Frequency Electronics' concentration risk is heavily structural, with two overlapping high-share exposures reinforced by supply and customer dependencies. Approximately 94% and 98% of the company's sales were made under contracts to the U.S. Government or subcontracts for U.S. Government end-use — a structural exposure at a high disclosed share that makes the business almost entirely a government-contracting franchise. Separately, approximately 76% and 73% of consolidated revenues came from products sold by the FEI-NY segment, also a high-share structural concentration, meaning both the customer base and the product segment are each individually dominant features of the revenue mix. Underneath these, FEI-NY is dependent on a limited number of suppliers for space-qualified parts, a medium-share dependency, and Northrop Grumman individually accounted for more than 10% of consolidated revenues, a comparatively low-share customer dependency.

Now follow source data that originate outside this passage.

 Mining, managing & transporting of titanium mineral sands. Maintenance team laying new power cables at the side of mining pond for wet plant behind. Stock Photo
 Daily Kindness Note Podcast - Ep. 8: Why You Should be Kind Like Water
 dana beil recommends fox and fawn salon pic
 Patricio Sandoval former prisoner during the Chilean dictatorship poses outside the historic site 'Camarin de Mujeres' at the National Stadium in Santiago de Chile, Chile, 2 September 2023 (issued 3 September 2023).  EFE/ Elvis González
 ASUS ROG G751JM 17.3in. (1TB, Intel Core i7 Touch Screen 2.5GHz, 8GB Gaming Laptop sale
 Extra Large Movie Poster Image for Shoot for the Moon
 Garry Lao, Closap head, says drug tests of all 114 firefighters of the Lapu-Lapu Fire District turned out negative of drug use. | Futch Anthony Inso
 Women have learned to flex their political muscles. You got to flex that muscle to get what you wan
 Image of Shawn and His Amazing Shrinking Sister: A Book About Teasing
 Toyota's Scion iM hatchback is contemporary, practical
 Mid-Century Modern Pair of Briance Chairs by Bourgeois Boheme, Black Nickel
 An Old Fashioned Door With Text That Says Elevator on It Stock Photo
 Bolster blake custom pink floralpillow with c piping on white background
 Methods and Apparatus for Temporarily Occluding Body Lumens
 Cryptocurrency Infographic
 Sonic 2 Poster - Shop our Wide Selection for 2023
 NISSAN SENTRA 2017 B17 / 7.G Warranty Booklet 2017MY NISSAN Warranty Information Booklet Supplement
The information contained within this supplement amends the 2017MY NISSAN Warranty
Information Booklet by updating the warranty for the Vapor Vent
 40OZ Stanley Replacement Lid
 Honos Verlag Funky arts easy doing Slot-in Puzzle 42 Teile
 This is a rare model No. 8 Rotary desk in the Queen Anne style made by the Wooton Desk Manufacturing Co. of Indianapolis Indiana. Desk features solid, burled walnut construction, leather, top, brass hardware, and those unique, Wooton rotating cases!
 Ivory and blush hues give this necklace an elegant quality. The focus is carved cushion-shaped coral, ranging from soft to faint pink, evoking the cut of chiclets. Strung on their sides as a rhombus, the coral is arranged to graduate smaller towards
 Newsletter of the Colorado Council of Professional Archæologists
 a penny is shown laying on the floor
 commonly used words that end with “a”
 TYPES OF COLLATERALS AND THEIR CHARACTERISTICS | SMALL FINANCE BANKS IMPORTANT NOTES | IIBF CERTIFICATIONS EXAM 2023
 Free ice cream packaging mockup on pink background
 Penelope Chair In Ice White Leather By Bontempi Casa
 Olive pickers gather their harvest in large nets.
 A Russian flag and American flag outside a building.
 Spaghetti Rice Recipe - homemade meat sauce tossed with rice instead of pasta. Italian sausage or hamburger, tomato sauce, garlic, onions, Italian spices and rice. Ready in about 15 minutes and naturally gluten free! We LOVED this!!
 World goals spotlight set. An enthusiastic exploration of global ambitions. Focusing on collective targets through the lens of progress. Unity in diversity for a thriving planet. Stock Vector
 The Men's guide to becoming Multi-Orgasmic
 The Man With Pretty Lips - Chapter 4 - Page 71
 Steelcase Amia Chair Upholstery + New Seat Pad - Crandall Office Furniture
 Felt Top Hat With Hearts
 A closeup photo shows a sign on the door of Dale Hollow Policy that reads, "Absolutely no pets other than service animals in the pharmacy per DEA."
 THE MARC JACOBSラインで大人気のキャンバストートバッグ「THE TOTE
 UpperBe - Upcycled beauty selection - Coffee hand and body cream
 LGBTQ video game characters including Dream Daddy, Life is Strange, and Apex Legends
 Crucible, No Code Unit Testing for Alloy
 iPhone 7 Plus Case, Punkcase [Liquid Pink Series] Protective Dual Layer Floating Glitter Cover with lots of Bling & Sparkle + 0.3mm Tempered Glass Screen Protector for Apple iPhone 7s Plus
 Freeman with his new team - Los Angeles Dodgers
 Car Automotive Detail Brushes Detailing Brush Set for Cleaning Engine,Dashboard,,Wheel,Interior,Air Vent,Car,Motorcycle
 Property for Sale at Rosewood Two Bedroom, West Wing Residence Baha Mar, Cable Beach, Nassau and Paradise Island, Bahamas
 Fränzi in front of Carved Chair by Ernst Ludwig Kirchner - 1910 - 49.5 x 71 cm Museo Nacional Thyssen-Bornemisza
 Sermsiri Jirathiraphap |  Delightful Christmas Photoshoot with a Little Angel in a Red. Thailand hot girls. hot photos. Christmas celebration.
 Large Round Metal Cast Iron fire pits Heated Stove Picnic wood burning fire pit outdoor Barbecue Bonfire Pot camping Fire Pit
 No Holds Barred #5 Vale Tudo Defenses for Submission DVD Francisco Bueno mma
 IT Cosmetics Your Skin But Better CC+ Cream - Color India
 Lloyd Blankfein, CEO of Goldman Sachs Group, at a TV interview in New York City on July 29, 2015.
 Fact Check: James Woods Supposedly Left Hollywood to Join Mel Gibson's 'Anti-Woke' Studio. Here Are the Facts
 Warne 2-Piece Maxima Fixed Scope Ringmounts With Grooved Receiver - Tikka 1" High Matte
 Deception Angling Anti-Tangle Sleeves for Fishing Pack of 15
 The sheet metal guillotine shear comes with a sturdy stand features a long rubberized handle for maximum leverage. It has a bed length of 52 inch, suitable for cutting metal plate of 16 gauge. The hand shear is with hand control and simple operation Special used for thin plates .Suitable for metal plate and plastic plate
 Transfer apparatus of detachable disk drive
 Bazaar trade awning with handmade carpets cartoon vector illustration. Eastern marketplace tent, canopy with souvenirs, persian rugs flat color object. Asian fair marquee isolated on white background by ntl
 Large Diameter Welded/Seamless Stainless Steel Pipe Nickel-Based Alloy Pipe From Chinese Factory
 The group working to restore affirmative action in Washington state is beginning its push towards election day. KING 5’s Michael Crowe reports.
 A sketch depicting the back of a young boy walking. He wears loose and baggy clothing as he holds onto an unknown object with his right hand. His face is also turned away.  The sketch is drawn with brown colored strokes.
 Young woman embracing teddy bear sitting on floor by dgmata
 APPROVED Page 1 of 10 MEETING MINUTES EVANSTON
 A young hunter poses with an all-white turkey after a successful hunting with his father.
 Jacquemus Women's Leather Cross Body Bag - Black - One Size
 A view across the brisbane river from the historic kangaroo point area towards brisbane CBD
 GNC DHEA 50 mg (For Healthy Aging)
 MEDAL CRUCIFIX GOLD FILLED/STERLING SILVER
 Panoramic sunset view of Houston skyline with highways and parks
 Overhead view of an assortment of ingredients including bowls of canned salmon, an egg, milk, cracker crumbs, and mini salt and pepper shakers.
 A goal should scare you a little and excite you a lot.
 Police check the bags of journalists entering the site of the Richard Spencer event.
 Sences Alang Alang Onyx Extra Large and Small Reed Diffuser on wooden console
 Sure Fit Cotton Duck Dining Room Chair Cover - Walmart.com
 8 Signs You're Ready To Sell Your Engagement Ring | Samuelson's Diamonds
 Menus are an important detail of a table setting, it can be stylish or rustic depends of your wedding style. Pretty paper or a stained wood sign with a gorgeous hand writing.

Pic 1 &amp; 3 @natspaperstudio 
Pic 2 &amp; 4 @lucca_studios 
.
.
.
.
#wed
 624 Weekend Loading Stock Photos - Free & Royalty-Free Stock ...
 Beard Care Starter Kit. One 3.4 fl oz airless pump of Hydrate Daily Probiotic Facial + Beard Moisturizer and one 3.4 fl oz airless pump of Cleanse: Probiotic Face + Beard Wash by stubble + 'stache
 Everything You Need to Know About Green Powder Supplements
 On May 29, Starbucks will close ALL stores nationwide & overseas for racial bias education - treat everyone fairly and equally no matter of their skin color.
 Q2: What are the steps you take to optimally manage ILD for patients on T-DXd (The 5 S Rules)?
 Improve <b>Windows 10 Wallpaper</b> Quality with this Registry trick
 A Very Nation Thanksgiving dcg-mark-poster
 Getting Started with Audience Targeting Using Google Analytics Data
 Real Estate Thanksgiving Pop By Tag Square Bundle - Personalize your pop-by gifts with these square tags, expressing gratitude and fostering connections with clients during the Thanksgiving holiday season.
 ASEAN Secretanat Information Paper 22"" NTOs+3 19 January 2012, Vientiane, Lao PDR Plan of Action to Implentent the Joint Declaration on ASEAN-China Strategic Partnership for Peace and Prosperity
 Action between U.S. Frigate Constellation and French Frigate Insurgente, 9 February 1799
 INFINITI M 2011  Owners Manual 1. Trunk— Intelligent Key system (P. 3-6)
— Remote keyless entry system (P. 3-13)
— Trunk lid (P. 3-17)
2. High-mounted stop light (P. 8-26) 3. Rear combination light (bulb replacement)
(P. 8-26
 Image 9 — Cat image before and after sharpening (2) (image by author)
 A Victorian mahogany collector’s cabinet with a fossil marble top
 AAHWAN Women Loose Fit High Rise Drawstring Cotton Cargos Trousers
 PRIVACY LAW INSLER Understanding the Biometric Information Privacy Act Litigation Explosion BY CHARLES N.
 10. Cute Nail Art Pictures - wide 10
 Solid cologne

These four exposures compound: a revenue base that is overwhelmingly government-facing and segment-concentrated also carries a named customer dependency and a specialized-parts supply constraint underneath it. For an investor, the structural pieces — government end-use and the FEI-NY segment — are the ones that could most plausibly move a verdict, while the supplier and Northrop Grumman exposures are secondary factors layered on top.
For the engine’s reasoning on FEIM’s current verdict — including which dimensions drove the score — see the per-dimension breakdown.
| Symbol | Name | HIGH | MEDIUM | LOW | Total |
|---|---|---|---|---|---|
| FEIM● | Frequency Electronics, Inc. | 2 | 1 | 1 | 4 |
| AAOI | Applied Optoelectronics, Inc. | 2 | 1 | 0 | 3 |
| ADTN | ADTRAN Holdings, Inc. | 1 | 0 | 2 | 3 |
| CIEN | Ciena Corporation | 0 | 2 | 2 | 4 |
| BDC | Belden Inc | 0 | 2 | 1 | 3 |
| ASTS | AST SpaceMobile, Inc. | 0 | 0 | 0 | 0 |
Concentration counts reflect items disclosed in each peer’s most recent 10-K; disclosed-size classification uses TrendMatrix’s internal 10-K extraction taxonomy.